Although we often hear about thyroid problems, most of us have little understanding of what this really means. The thyroid gland plays an important role in the body, producing hormones that regulate metabolism and influence brain activity. Problems with the thyroid gland can therefore have far reaching consequences, although the symptoms aren’t always obvious.
In India, thyroid disorders affect an estimated 42 million people, as per the findings of a study that appeared in the Indian Journal of Endocrinology and Metabolism. Although there are different types of thyroid disorders, hypothyroidism and hyperthyroidism, which implies an underactive or overactive thyroid gland respectively, are the most common.
Here’s how these conditions can affect your health, so learn to recognize the warning signs.
The Subtle Signs Of Thyroid Disease
“Changes in metabolism can cause weight gain or loss”
Perhaps the best known symptom associated with thyroid problems is inexplicable weight gain, so we’ll start here. Hypothyroidism causes a drop in hormones that regulate metabolism and calorie burn, causing a steady rise in weight.

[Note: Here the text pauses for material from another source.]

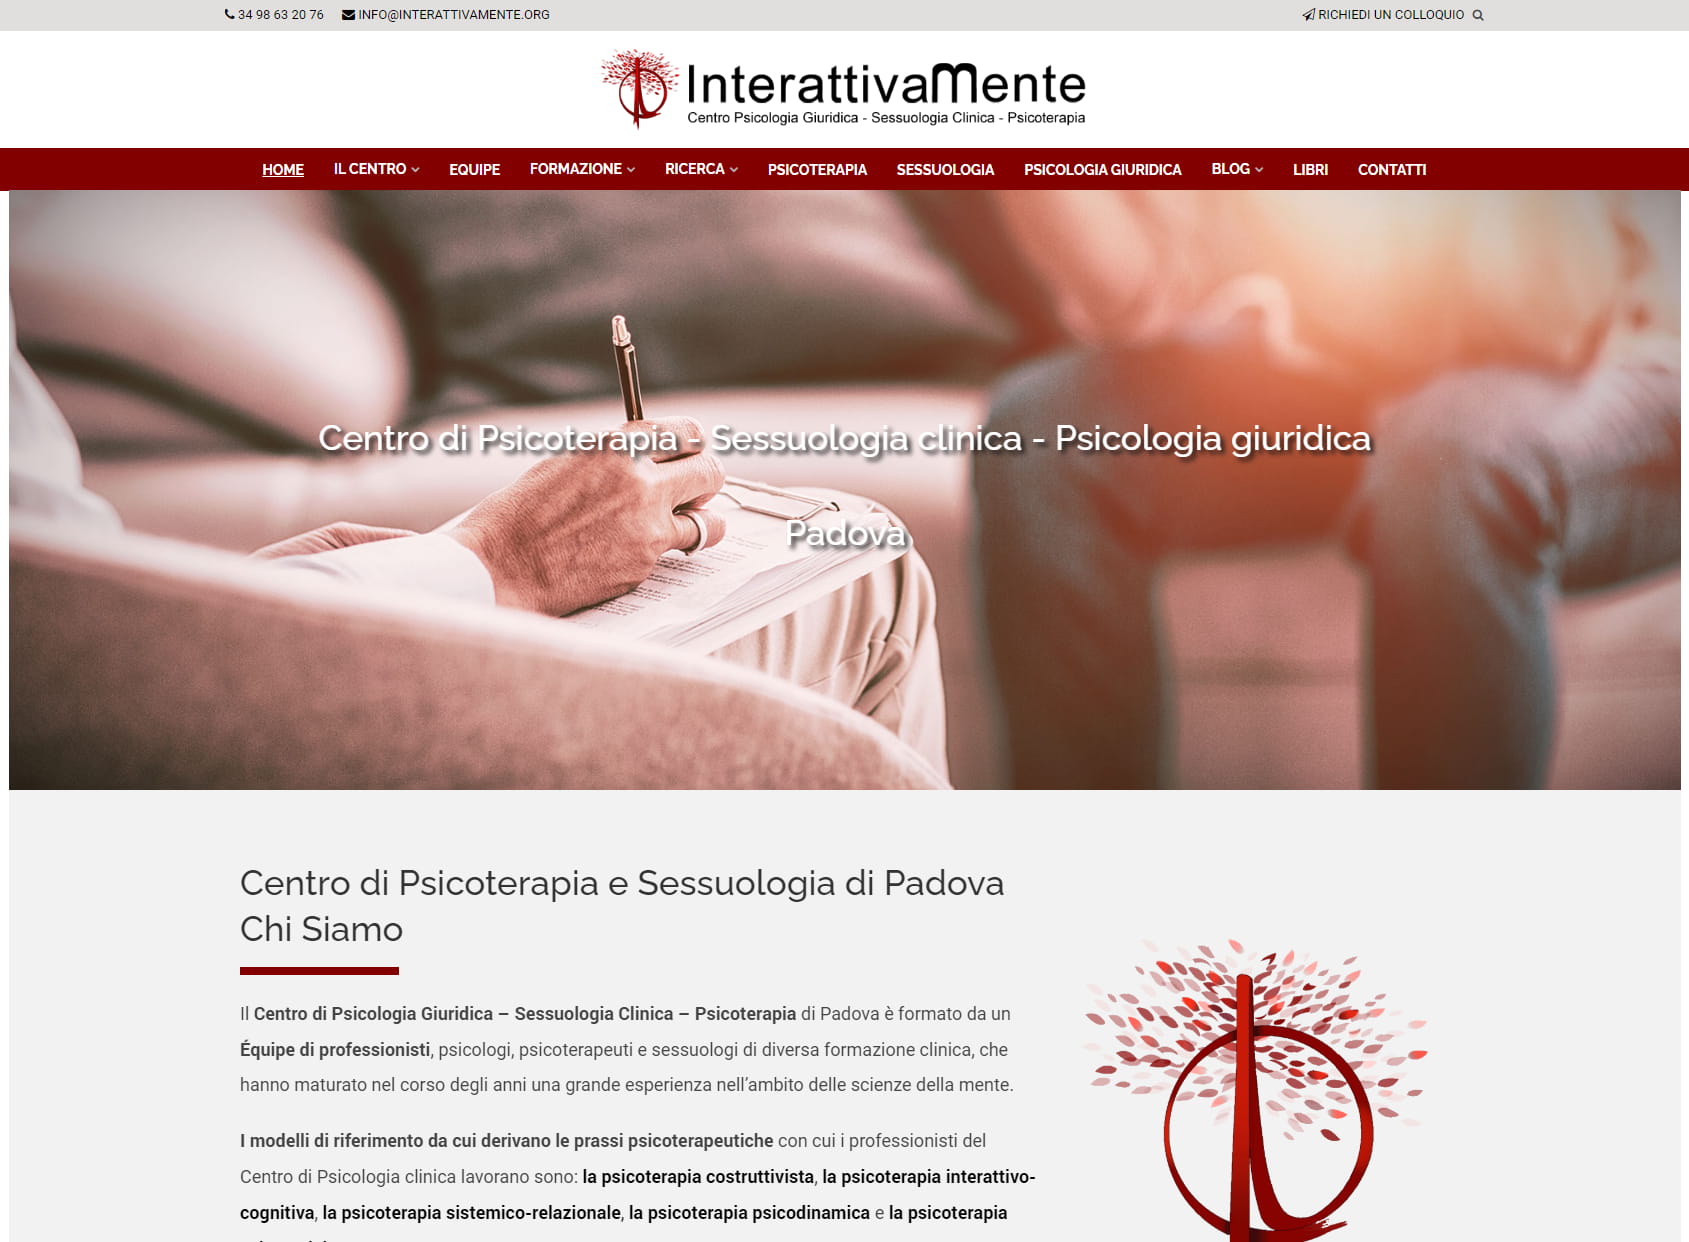 Centro Interattivamente - Psicologo, psicoterapeuta, sessuologo Padova

On the other hand, hyperthyroidism increases metabolism, which can result in a larger appetite – but, despite the increased food intake you do not gain weight. In fact, you may even lose weight!
“Depending on the type of thyroid disorder, you could experience daytime drowsiness, despite getting sleep, or you may suffer from insomnia”
If you normally slept well, but now spend most of your day feeling drowsy and fatigued, it could be because your thyroid gland is underactive and isn’t producing enough of the thyroid hormone.
Conversely, an overactive thyroid gland will produce excessive hormones, causing an overstimulation of the central nervous system, leading to insomnia.
“We often experience mood swings, but with a thyroid disorder, the changes are more pronounced – you may start to suffer from depression or anxiety disorders”
An underactive thyroid gland can adversely affect your mood, as low levels of the thyroid hormone will cause a drop in serotonin levels in the brain. As all of your body systems are slowed down, it can also make you feel sluggish, low, and depressed.
Sadly, hyperthyroidism, which involves excess production of the thyroid hormone, will not make you feel ecstatic or positive. Instead, it over stimulates your brain, leading to intense feelings of anxiety and nervousness, to the point of being hyperactive.
“Hyperactivity, loss of focus, & brain fog or absent mindedness are commonly associated with thyroid imbalances”
Although changes in sleep do affect brain function, thyroid disorders can also throw things out of whack, with low levels of thyroid hormone causing forgetfulness and a general sense of brain fog. High levels of thyroid hormone will instead cause hyperactivity, making it difficult to concentrate and focus on any task.
“Thyroid hormones also regulate bowel movements, with any disorder increasing or reducing the frequency of bowel movements”
Thyroid hormones play an important role in digestion too, making an underactive thyroid particularly problematic for digestive health, as gut movement slows down and you have more frequent constipation.
Of course, if your thyroid gland is overactive, the effect could be quite the opposite. While you may not experience diarrhea, you will probably have more frequent bowel movements.
“Thyroid patients often experience inexplicable chills or hot sweats, not influenced by actual temperature”
Your body has a temperature regulatory system, ensuring you are always at the optimal temperature, but this is also affected by thyroid hormone levels. When levels drop low because of hypothyroidism you start to feel the chill and will need to wrap yourself up snugly even though it really isn’t cold.
Excessive perspiration on the other hand, is a common problem with hyperthyroidism, as the energy-producing cells go into overdrive, raising body heat and causing perspiration.
Keep in mind that these are not the only symptoms associated with thyroid disorders. You may also experience hair loss, loss of sex drive, increase in cholesterol levels, and high blood pressure. While some of these changes can also be caused by other factors, you should consult an endocrinologist or your doctor if any of these changes persist, or if you observe more than one symptom.